Dès le déclenchement de l’opération militaire russe sur le territoire de l’Ukraine, le 24 février 2022, parallèlement à la mise en place d’une série de sanctions contre la Russie, les décideurs du bloc « atlantiste » ont promptement trouvé le consensus sur le gel des actifs financiers que la banque centrale de la Fédération de Russie a confiés auparavant à leur institutions financières en investissant dans des produits financiers, dont les titres de dettes gouvernementales des pays qu’ils représentent.
De la certitude revanchiste vers la frénésie des sanctions
Dans la nuit du 27 février 2022, Ursula van der Layen, la présidente de la Commission européenne, a annoncé que l’Union Européenne et ses partenaires ont pris la décision de « paralyser » les actifs de la banque centrale russe, « pour ne pas permettre à la banque de Russie d’utiliser ses propres réserves internationales, afin d’affaiblir l’effet des sanctions occidentales ».
Le 1er mars 2022, Bruno Le Maire, ministre de l’Économie, des Finances et de la Souveraineté industrielle et numérique, dans une interview à France Info a fait le résumé précis des projets et certitudes du camp Occidental vis-à-vis de Moscou : « Oui, les sanctions sont efficaces. Les sanctions économiques et financières sont même d’une efficacité redoutable. Et je ne veux laisser planer aucune ambiguïté sur la détermination européenne sur ce sujet. Nous allons livrer une guerre économique et financière totale à la Russie […] Nous allons donc provoquer l’effondrement de l’économie russe ».
Une semaine plus tard, le 7 mars 2022, la Fédération de Russie est officiellement devenue le leader mondial au niveau du nombre des sanctions émises contre un état, en dépassant celui de l’Iran qui a détenu ce palmarès jusqu’à ce jour.

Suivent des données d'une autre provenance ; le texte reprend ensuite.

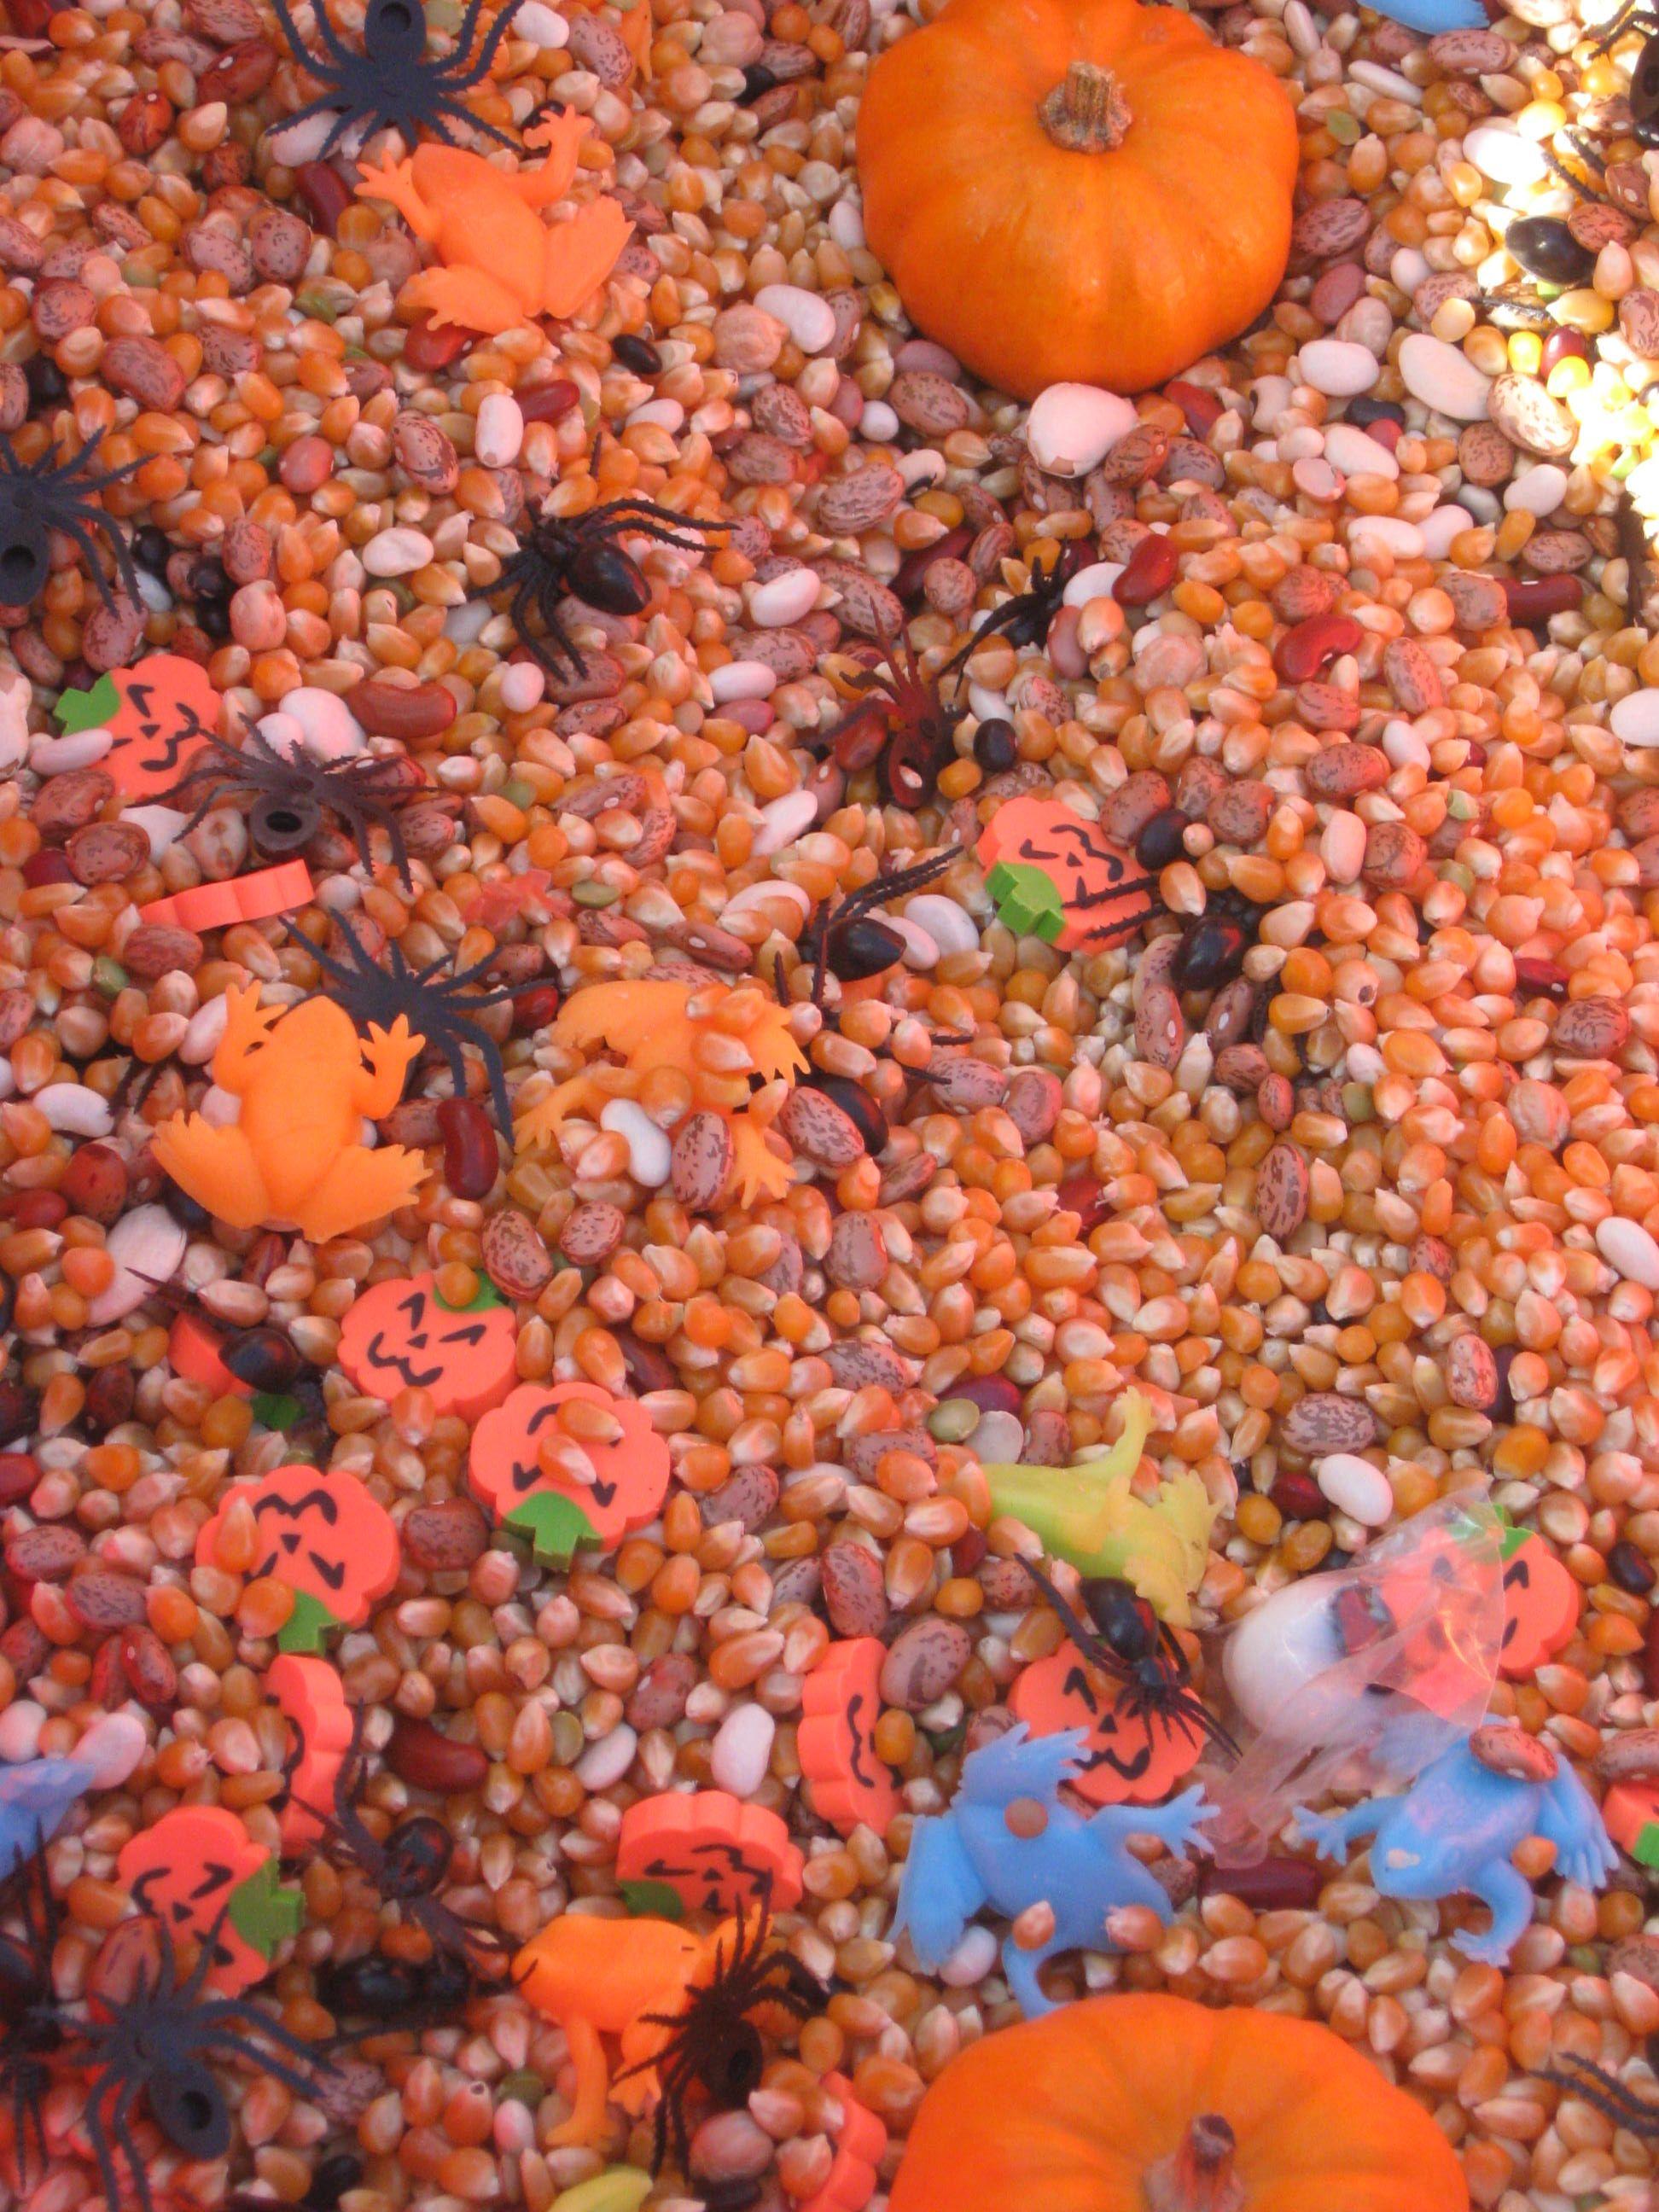 fall sensory table idea candy corn popcorn seeds pumpkins etc

Des mois se sont écoulés et les adversaires de la Russie ont commencé à faire des constats de plus en plus inquiétants : si la quantité record des sanctions dans l’histoire de l’humanité a bien produit des effets nuisibles sur l’économie russe, cette nuisance s’est avérée incomparablement plus modérée que celle escomptée et annoncée d’avance par l’exultation du ministre français.
Contrairement à l’effondrement rapide tant espéré, l’économie russe a démontré une fâcheuse stabilité et force totalement inattendues par les attaquants qui n’ont pas pris en compte dans leurs calculs plusieurs facteurs clés, dont celui du haut professionnalisme de sa gouvernance.
L’inefficacité des sanctions a mené vers une véritable panique opérationnelle de leurs auteurs qui s’est traduite par l’engagement de nouveaux paquets de sanctions en discontinu, dont la frénésie a fait atteindre le nombre tout à fait anecdotique pour janvier 2024 : 2778 sanctions.
Ce nombre inouï peut être comparé qu’au niveau de son inefficacité dans l’obtention de l’objectif visé : l’effondrement de l’économie de la Fédération de Russie.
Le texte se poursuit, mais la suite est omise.